#### [What the task requires]
Reproduce the section of the listing that begins at the line containing "Jeb Bush: Marco" and finishes at the line containing "Digital Kitchen Food". Include both end lines and nothing beyond them.

#### [Data section]
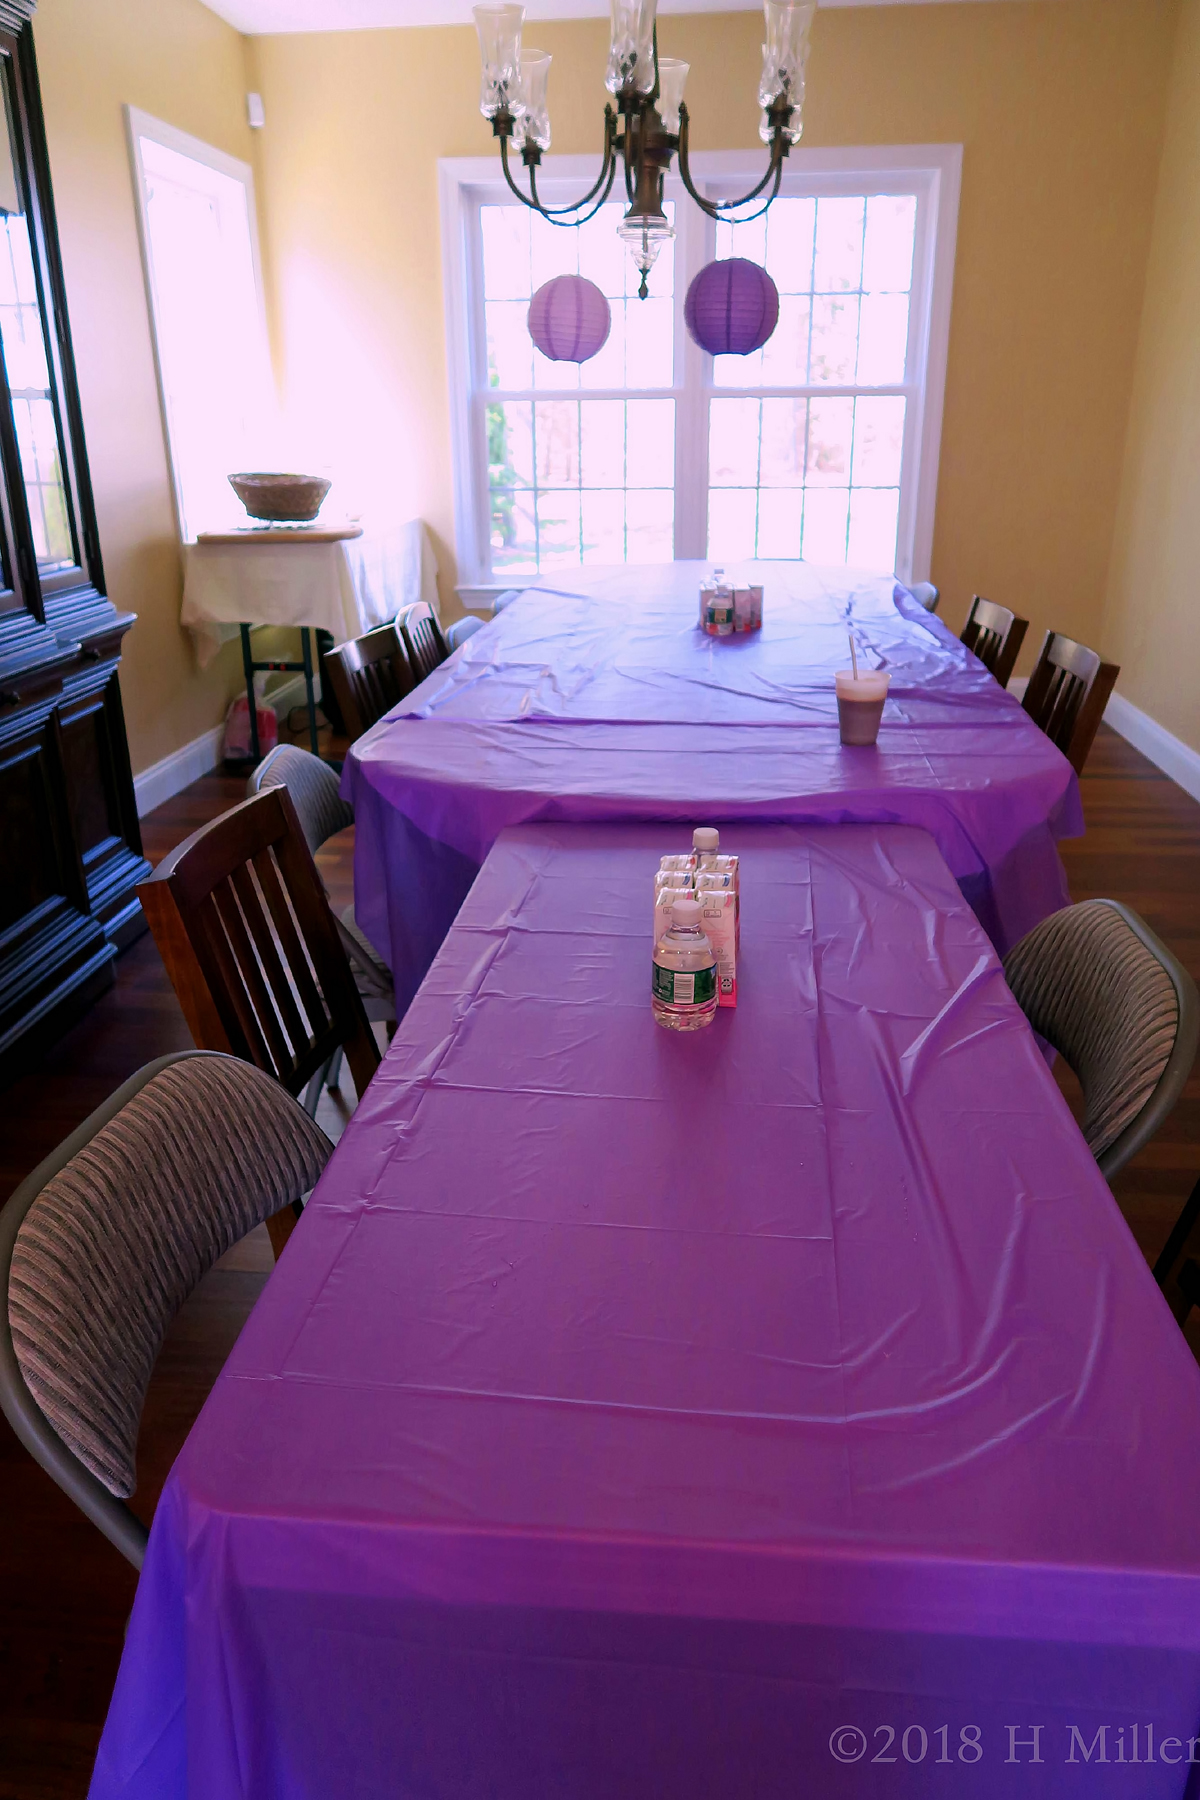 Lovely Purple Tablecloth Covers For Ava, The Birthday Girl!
* * *
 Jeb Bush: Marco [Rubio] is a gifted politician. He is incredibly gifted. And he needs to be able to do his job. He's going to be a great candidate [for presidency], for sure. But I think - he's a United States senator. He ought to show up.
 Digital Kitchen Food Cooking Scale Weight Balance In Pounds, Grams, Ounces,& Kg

#### [Answer]
 Jeb Bush: Marco [Rubio] is a gifted politician. He is incredibly gifted. And he needs to be able to do his job. He's going to be a great candidate [for presidency], for sure. But I think - he's a United States senator. He ought to show up.
 Digital Kitchen Food Cooking Scale Weight Balance In Pounds, Grams, Ounces,& Kg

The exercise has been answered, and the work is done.